Optional Accessories

Expansion kits for the 3pi that give you room to augment your 3pi with your own custom electronics are available. A basic kit that simply gives your 3pi a second level (with prototyping space and key electrical connections to the 3pi base) to which you can add your own electronics. The version with cutouts lets you view the LCD below and allows you to reach the power button, reset button, and ISP programming header on the base. The picture below basic expansion kit.

Another option, the m3pi expansion kit, makes it easy to significantly upgrade the capabilities of your 3pi by converting it into an m3pi robot. This expansion board enables the use of ARM's powerful 32-bit mbed development board as the robot's high-level controller (mbed has an m3pi library that makes this easy), which offers significantly more processing power and free I/O lines than the 3pi's built-in 8-bit AVR microcontroller. There are also sockets for Wixel and Xbee wireless serial modules, prototyping space for additional sensors and electronics, eight more user-controllable LEDs, and more. If you already have a 3pi robot, you can use the m3pi expansion kit to upgrade it to an m3pi robot.

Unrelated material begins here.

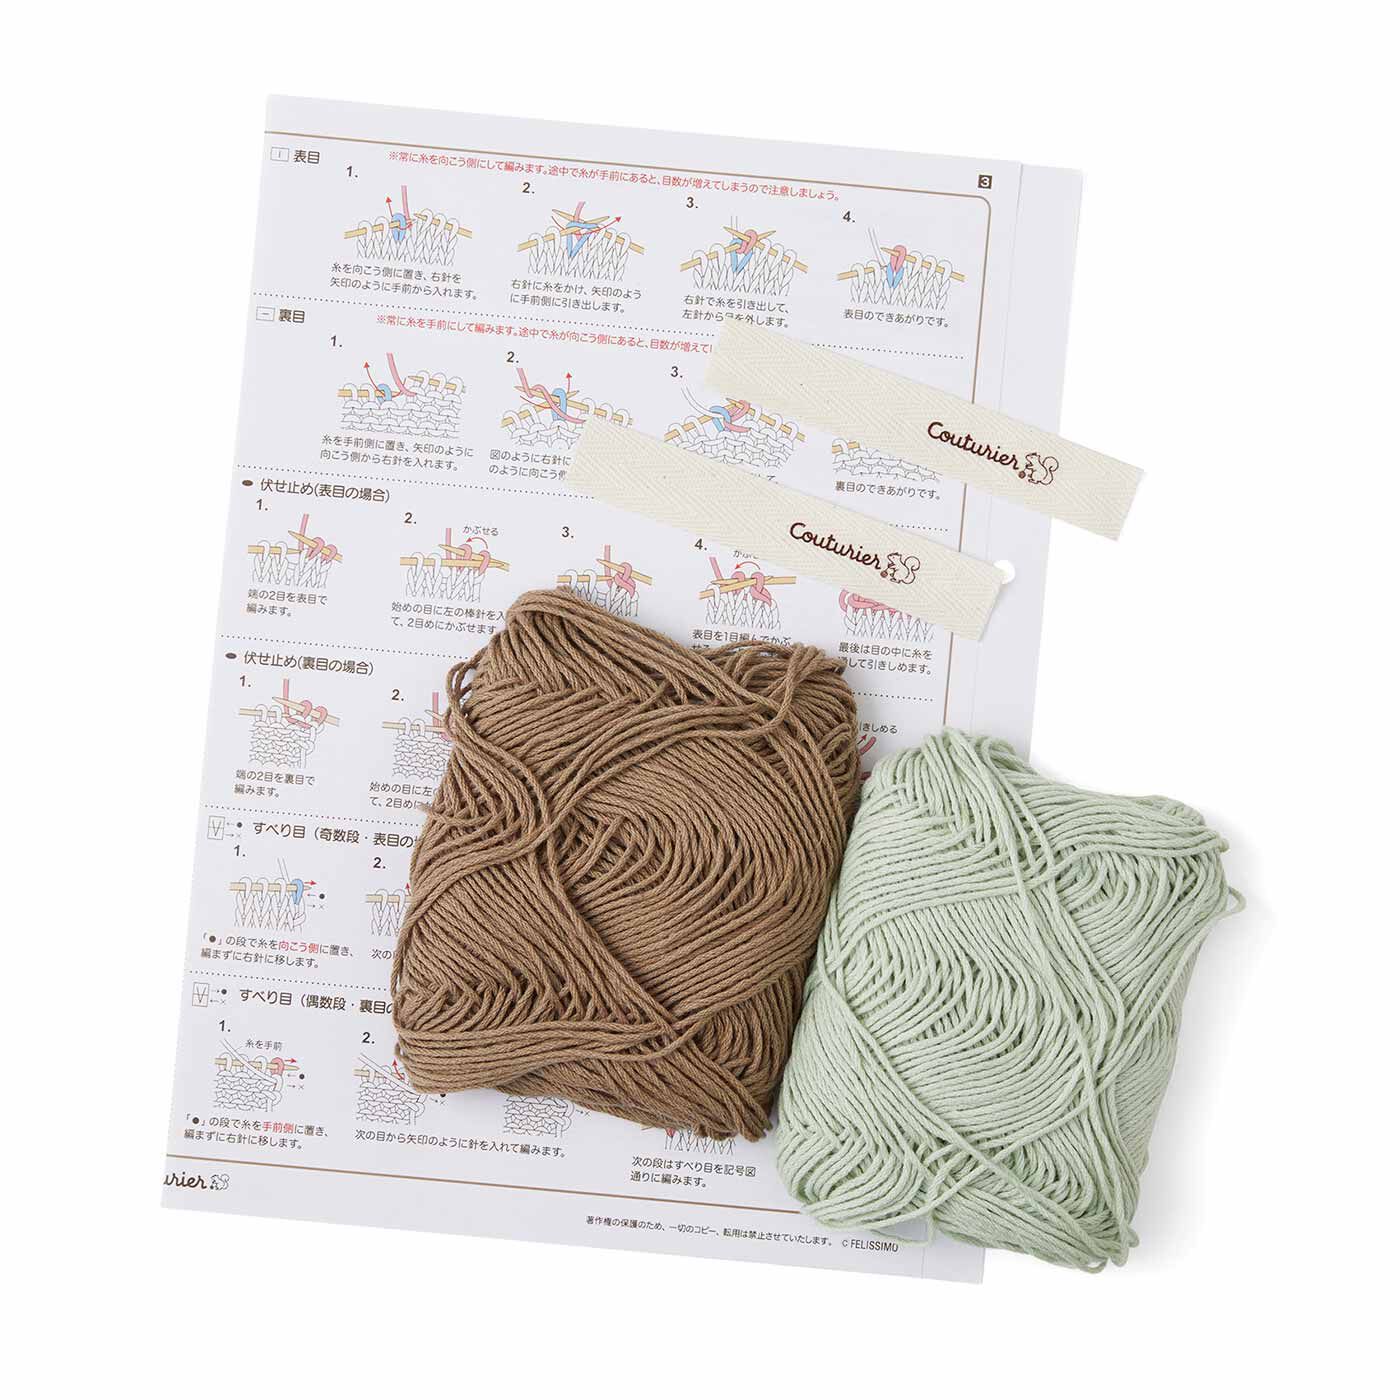 クチュリエ|気持ちを整えるような日々の習慣 棒針編み タオルのように使えるクロスの会|●1回分のお届けキット例です。　毎回2色の糸がセットで届くので、色違いで2枚のクロスを編めます。
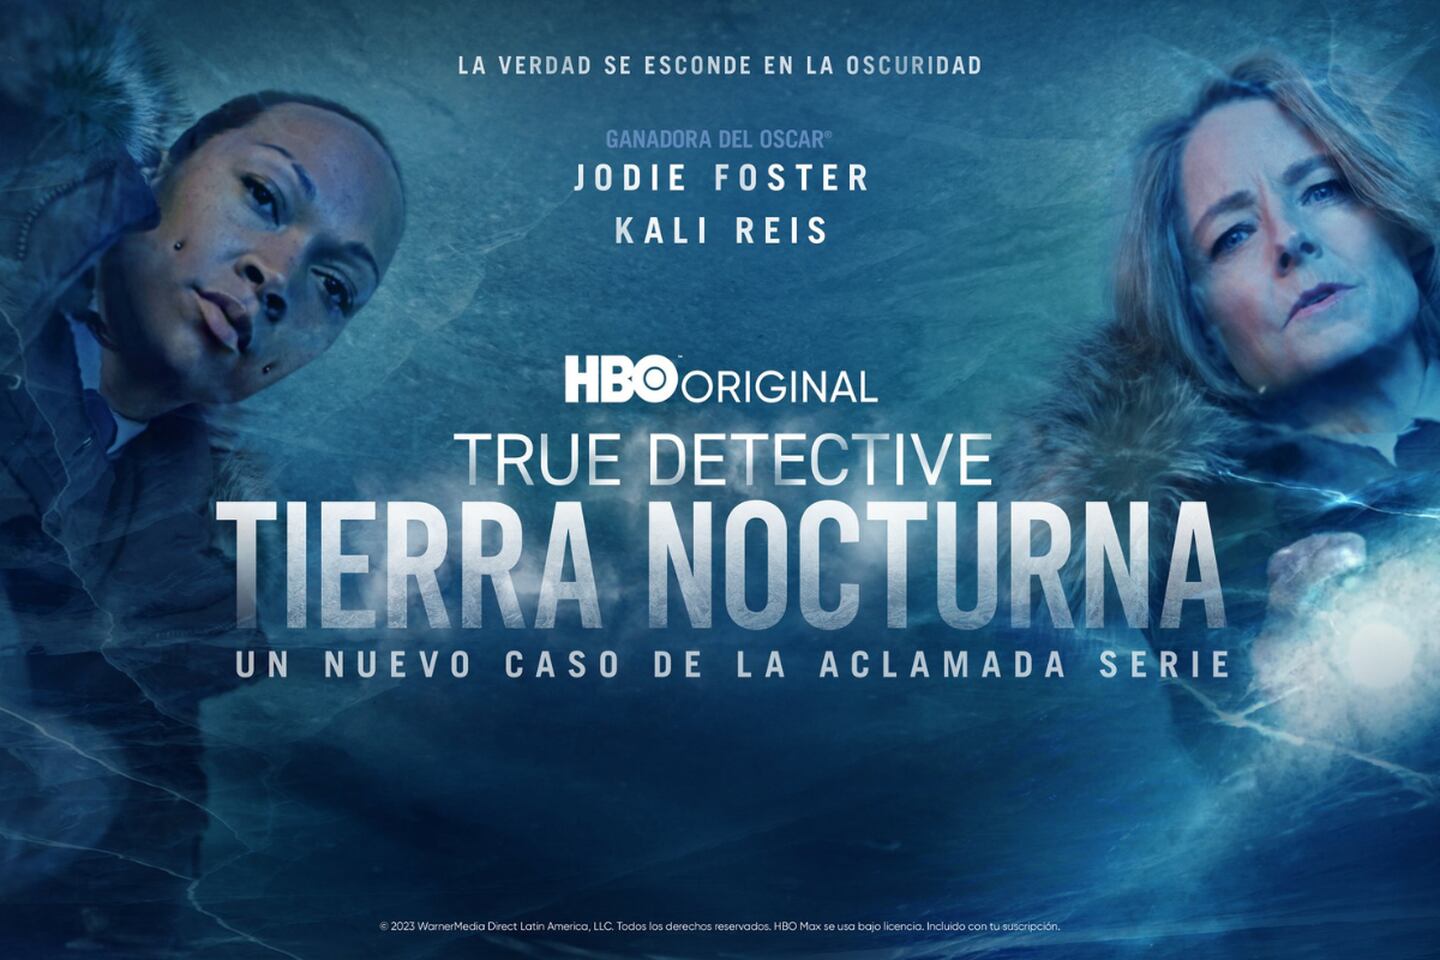 Jodie Foster y Kali Reis son las dos protagonistas en la serie de HBO, "True Detective: Tierra Nocturna".

Since June, 2009 (starting with serial number 0J5840), 3pi robots have been shipping with the newer ATmega328P microcontroller instead of the ATmega168 that was on original units. The ATmega328 is essentially a drop-in replacement for the ATmega168 with twice the memory (32 KB flash, 2 KB RAM, and 1 KB of EEPROM instead of 16 KB flash, 1 KB RAM, and 512 bytes of EEPROM), so the 3pi code written for the ATmega168 should work with minimal modification on the ATmega328 (the Pololu AVR Library now supports the ATmega328P).

Dimensions

• Size: 3.7" diameter

Features and Specifications

• Processor: ATmega168/328P
• Motor driver: TB6612FNG
• Motor channels: 2
• User I/O lines: 2 (See Note 1)
• Minimum operating voltage: 3 V (See Note 2)
• Maximum operating voltage: 7 V (See Note 2)
• Maximum PWM frequency: 80 kHz
• Reverse voltage protection?: Y
• External programmer required?: Y

Notes

1. Digital I/O lines PD0 and PD1 are available; two more analog inputs and one analog/digital pin can be made available by removing jumpers and disabling special features of the board.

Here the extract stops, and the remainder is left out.